• EXERCISE GOAL:
Search the material below for the string "Design" and extract each line that has it.

• EXCERPTED RECORDS:
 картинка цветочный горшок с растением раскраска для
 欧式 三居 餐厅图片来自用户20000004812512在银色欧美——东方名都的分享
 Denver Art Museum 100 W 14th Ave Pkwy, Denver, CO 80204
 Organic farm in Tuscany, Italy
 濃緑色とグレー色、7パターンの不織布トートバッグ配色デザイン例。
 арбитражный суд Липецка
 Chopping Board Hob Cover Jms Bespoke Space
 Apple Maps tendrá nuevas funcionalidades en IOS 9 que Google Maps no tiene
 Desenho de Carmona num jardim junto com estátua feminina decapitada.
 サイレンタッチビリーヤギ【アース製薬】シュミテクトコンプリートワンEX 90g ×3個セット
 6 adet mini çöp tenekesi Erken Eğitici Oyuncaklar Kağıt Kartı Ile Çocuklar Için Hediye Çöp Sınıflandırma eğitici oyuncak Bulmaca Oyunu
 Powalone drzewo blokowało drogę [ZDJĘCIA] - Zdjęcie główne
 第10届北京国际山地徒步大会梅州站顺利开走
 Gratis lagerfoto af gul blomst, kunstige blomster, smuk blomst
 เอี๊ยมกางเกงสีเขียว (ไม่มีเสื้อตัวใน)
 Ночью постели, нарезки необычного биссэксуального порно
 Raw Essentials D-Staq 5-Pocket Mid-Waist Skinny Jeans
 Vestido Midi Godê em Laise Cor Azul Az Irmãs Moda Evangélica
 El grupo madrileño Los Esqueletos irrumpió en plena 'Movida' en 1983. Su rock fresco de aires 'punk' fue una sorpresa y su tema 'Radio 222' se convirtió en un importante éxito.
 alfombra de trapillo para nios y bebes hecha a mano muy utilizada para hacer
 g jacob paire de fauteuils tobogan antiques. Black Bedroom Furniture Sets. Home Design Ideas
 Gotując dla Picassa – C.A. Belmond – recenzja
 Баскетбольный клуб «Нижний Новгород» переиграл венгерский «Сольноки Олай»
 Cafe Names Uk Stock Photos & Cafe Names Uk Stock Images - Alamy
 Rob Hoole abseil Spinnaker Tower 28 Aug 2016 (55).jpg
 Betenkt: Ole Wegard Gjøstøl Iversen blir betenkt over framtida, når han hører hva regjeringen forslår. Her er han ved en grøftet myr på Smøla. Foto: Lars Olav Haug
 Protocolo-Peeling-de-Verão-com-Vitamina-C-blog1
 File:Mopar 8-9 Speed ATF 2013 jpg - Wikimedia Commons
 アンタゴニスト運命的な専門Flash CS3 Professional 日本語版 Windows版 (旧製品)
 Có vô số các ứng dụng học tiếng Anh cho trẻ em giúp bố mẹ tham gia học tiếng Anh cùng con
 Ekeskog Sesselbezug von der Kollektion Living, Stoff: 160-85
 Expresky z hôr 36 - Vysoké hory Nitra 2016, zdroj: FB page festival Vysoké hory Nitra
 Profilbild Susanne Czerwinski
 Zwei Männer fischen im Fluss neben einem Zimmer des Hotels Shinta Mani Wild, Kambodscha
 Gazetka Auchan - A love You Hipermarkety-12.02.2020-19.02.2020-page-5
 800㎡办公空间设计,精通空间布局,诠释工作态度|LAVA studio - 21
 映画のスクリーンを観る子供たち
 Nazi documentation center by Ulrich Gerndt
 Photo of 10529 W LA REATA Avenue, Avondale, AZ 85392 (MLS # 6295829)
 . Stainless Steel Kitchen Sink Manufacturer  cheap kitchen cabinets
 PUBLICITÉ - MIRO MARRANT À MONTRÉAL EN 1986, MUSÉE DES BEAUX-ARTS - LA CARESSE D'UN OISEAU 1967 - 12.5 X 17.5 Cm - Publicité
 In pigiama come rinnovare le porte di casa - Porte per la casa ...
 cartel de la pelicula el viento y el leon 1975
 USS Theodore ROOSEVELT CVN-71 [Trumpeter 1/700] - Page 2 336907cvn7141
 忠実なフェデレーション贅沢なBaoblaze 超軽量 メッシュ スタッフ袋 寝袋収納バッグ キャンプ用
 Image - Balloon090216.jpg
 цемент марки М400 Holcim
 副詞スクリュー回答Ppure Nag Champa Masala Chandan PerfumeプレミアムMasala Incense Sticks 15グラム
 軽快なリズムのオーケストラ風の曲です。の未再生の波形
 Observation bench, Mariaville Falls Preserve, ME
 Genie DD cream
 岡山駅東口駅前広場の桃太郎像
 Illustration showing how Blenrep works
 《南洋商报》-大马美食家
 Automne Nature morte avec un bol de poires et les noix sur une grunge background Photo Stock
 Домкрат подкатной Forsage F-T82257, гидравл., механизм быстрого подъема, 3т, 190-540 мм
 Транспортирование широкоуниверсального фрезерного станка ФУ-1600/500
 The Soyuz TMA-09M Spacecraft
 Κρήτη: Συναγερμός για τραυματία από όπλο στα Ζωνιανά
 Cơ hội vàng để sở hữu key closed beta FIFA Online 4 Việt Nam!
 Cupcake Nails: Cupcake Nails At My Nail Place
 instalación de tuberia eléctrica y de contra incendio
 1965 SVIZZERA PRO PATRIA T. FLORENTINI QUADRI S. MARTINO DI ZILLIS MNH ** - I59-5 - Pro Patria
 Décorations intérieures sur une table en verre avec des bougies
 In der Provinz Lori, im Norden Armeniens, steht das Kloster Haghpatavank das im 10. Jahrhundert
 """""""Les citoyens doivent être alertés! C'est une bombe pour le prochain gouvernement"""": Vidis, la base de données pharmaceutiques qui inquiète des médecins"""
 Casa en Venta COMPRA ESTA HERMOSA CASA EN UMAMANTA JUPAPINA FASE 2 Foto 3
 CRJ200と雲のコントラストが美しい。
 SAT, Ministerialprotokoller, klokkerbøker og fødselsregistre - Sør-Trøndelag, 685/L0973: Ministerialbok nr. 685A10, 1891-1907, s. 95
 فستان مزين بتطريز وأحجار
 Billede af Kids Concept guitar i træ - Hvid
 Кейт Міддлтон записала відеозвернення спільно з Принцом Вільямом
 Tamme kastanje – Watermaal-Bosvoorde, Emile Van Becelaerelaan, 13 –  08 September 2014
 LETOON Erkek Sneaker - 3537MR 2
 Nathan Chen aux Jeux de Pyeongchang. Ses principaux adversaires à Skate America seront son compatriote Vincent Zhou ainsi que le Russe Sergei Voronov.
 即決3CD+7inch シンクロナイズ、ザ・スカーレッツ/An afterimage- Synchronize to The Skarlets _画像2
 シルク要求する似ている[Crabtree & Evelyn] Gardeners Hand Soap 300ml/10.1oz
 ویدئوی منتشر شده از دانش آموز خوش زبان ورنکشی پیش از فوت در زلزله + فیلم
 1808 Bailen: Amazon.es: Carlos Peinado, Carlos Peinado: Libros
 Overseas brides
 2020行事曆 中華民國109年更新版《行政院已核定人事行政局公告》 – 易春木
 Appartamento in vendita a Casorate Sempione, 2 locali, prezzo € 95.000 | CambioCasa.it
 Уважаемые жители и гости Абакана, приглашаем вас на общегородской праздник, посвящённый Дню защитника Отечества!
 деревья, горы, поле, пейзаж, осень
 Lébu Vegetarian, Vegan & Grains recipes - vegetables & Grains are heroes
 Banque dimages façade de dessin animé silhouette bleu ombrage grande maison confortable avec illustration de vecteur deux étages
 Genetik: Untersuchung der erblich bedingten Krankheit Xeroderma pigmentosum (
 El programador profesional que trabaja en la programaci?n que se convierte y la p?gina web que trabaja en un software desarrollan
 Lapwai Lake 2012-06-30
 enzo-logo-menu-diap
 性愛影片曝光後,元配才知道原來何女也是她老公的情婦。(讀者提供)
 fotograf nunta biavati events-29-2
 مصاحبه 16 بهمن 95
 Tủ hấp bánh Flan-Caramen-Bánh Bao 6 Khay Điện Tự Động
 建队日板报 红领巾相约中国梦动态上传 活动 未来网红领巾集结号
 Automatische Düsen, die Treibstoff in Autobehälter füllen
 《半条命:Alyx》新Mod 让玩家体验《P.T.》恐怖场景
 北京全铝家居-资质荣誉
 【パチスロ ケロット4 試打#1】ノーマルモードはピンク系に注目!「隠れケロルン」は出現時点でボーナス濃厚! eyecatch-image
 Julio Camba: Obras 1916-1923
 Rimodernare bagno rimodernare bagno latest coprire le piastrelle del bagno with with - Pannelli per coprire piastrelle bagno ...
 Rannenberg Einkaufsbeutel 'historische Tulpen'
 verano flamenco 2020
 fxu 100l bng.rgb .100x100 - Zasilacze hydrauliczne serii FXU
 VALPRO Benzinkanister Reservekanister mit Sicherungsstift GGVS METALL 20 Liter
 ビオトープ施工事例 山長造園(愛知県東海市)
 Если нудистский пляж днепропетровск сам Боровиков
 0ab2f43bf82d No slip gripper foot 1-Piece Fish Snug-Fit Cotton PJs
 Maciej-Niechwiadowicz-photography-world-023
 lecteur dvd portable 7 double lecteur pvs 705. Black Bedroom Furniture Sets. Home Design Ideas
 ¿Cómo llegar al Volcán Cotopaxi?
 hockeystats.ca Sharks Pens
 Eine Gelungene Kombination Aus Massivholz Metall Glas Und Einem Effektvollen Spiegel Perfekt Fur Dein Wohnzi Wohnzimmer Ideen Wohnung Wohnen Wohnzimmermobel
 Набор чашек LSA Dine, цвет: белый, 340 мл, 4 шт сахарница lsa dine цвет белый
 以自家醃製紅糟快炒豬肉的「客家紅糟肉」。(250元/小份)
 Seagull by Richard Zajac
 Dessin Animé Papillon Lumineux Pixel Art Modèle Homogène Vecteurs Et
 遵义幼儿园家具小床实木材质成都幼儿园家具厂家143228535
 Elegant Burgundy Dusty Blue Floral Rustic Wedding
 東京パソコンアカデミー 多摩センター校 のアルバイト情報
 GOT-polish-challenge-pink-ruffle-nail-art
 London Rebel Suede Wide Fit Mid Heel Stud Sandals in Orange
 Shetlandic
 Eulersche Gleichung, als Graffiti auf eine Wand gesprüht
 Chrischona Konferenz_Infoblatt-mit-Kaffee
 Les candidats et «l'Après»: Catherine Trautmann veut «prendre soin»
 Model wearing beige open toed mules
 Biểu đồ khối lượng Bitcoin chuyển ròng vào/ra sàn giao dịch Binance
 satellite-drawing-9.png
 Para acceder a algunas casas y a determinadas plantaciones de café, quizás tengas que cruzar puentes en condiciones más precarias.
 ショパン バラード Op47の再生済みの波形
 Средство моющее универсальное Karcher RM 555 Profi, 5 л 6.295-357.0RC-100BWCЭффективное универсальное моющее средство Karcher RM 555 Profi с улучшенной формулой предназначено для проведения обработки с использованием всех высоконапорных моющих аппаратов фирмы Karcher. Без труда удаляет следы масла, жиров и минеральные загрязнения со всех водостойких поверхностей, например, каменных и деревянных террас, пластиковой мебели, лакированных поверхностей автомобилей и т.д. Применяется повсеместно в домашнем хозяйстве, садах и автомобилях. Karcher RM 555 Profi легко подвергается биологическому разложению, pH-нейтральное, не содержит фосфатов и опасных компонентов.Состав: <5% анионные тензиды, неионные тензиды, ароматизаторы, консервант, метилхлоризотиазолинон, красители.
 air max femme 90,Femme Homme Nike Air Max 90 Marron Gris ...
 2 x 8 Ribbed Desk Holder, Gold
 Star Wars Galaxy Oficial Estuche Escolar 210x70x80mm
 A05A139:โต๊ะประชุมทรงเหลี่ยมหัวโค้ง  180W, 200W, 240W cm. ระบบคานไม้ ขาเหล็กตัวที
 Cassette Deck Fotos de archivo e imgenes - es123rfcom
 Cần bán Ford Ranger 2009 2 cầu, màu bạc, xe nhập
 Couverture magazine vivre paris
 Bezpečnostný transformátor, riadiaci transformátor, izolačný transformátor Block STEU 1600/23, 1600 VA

• COMPLETED TASK:
 g jacob paire de fauteuils tobogan antiques. Black Bedroom Furniture Sets. Home Design Ideas
 lecteur dvd portable 7 double lecteur pvs 705. Black Bedroom Furniture Sets. Home Design Ideas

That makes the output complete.